I had originally asked Eminence to investigate the possibility of putting a shorting ring into a subwoofer to reduce harmonic distortion. This would be used as the motor for high-performance subwoofer designs. JBL has been very successful with this technology and even though the distortion reduction works best above 100Hz, they have been able to reduce distortion at subwoofer frequencies as well. So I had hoped Eminence might be able to build an improved subwoofer too.

Eminence found that they were unable to get significant distortion reduction below 150Hz from a shorting ring. The reason is pretty simple - The shorting ring works like a transformer winding, and it has to inductively couple enough energy to create a magnetic field large enough to offset the difference in force caused by flux modulation. As frequency goes down, this becomes harder and harder to do and the size of the ring becomes prohibitively large.
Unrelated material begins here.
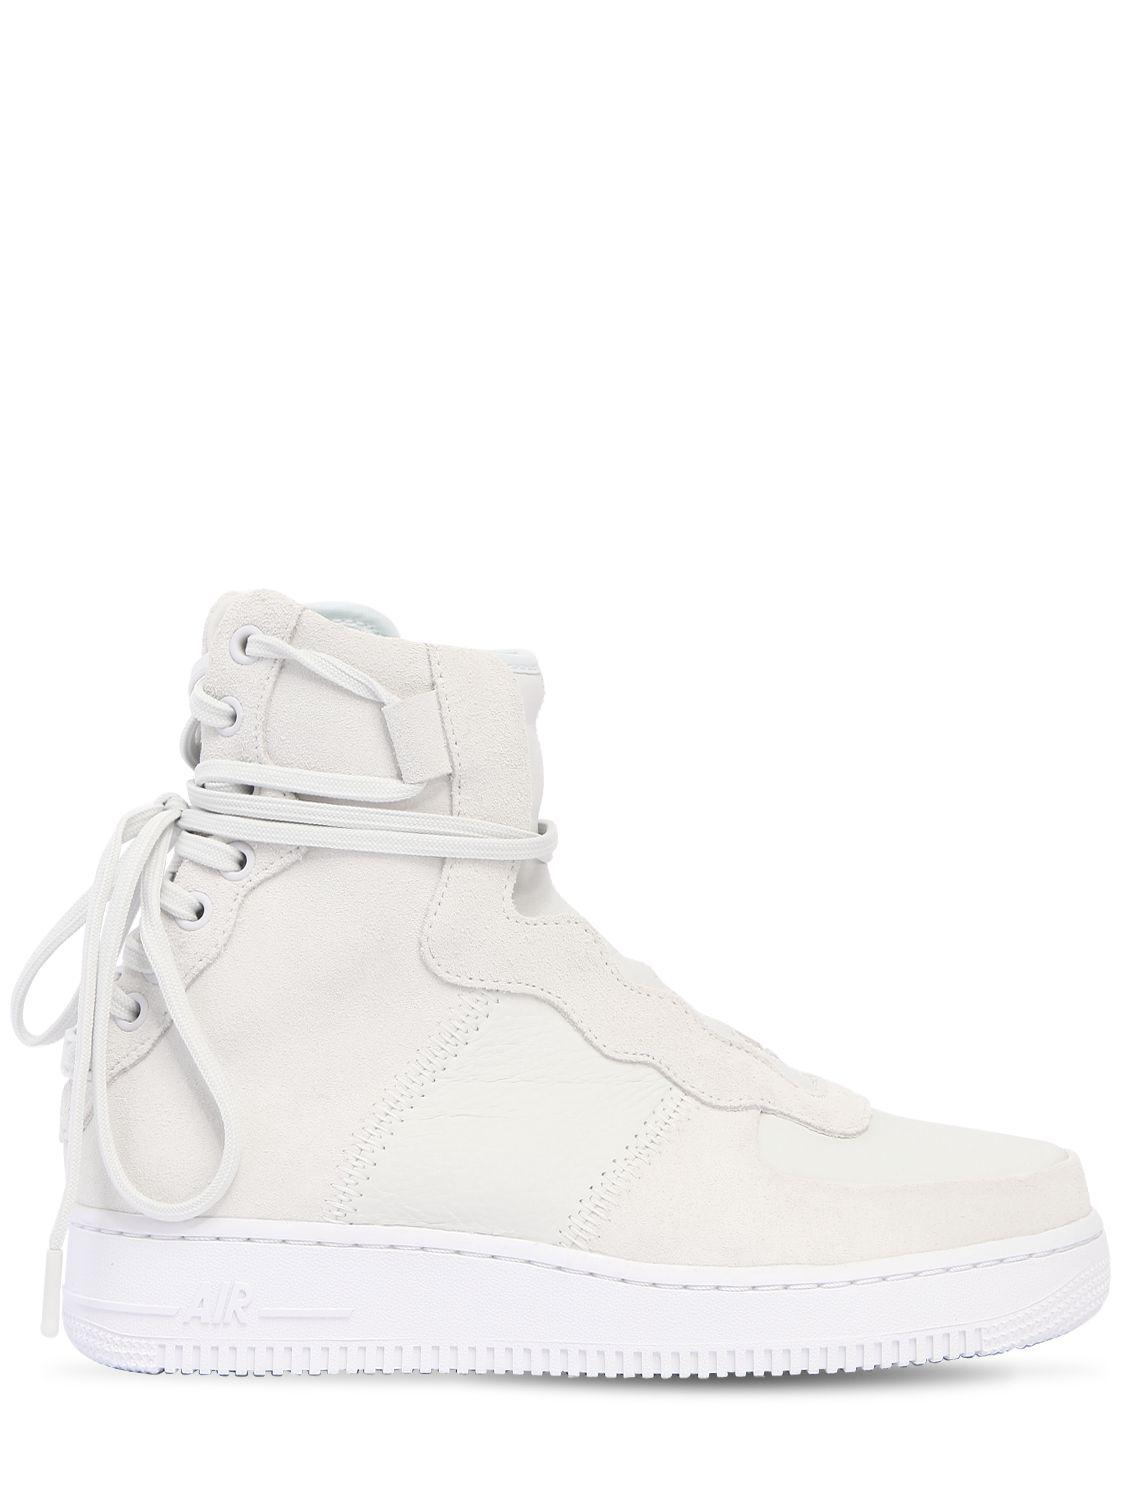 Nike Synthetic Air Force 1 Rebel Xx Sneakers in White Lyst

The volume displaced by the ring makes magnet size smaller so more magnet has to be added to compensate and the requirements become a vicious cycle. So there just isn't enough "meat" to make a good flux stabilized subwoofer.

Another solution presents itself, and that is the push-pull configuration. Push-pull drive is pretty simple to implement, from an engineering perspective. All you have to do is take two identical motors and run them in opposite directions. Position them so that the drive force combines in an additive fashion, and voila! You have push-pull drive. Any asymmetries in an individual drive unit will cancel by using complementary pairs. Essentially you have a strong motor and a weak motor on each half cycle. On each contiguous half cycle, the strong one and the weak one flip.

This can be as simple as taking two identical loudspeakers and running one backwards on the baffle. You have to also reverse polarity on the reverse-mounted driver so their acoustic outputs are in phase. Best results are obtained when the drivers are matched. For example, see the harmonic spectrum charts below:

Harmonic Spectrum of (left) dual woofers on a baffle and (right) push-pull woofers on baffle

The charts above show the harmonic spectrum of a high-power 30Hz sine applied to a pair of identical woofers on a baffle. The chart on the right has the woofers mounted in push-pull. Notice that the second harmonic is 25dB lower than the dual-woofer configuration that doesn't employ push-pull drive.

You can also take two identical motors run in opposite directions and physically connect them to a common point on a diaphragm. This is another approach that does the same thing. In either case, the solution is essentially mechanical, using two drive units. Each one alternates between being slightly stronger and slightly weaker on each half cycle. The net force is equalized by having them work as a complementary pair.

The push-pull configuration is easy to implement because it can be accomplished with standard drivers. It works best at low frequencies with drivers physically close together, especially when operated in a common chamber. The further apart they are, the less coupling is provided. So the push-pull arrangement is very well suited to subwoofers whereas shorting rings are better suited for midbass, midrange and higher frequency drivers.

Push-pull drive is particularly attractive when used in a horn subwoofer. The front chamber and mass-rolloff tend to reduce third and higher harmonics. Push-pull drive reduces the second harmonic. This in addition to the already low distortion due to reduced excursion from horn loading. Horn subwoofers with push-pull drive offer excellent low-distortion performance even at very high power levels.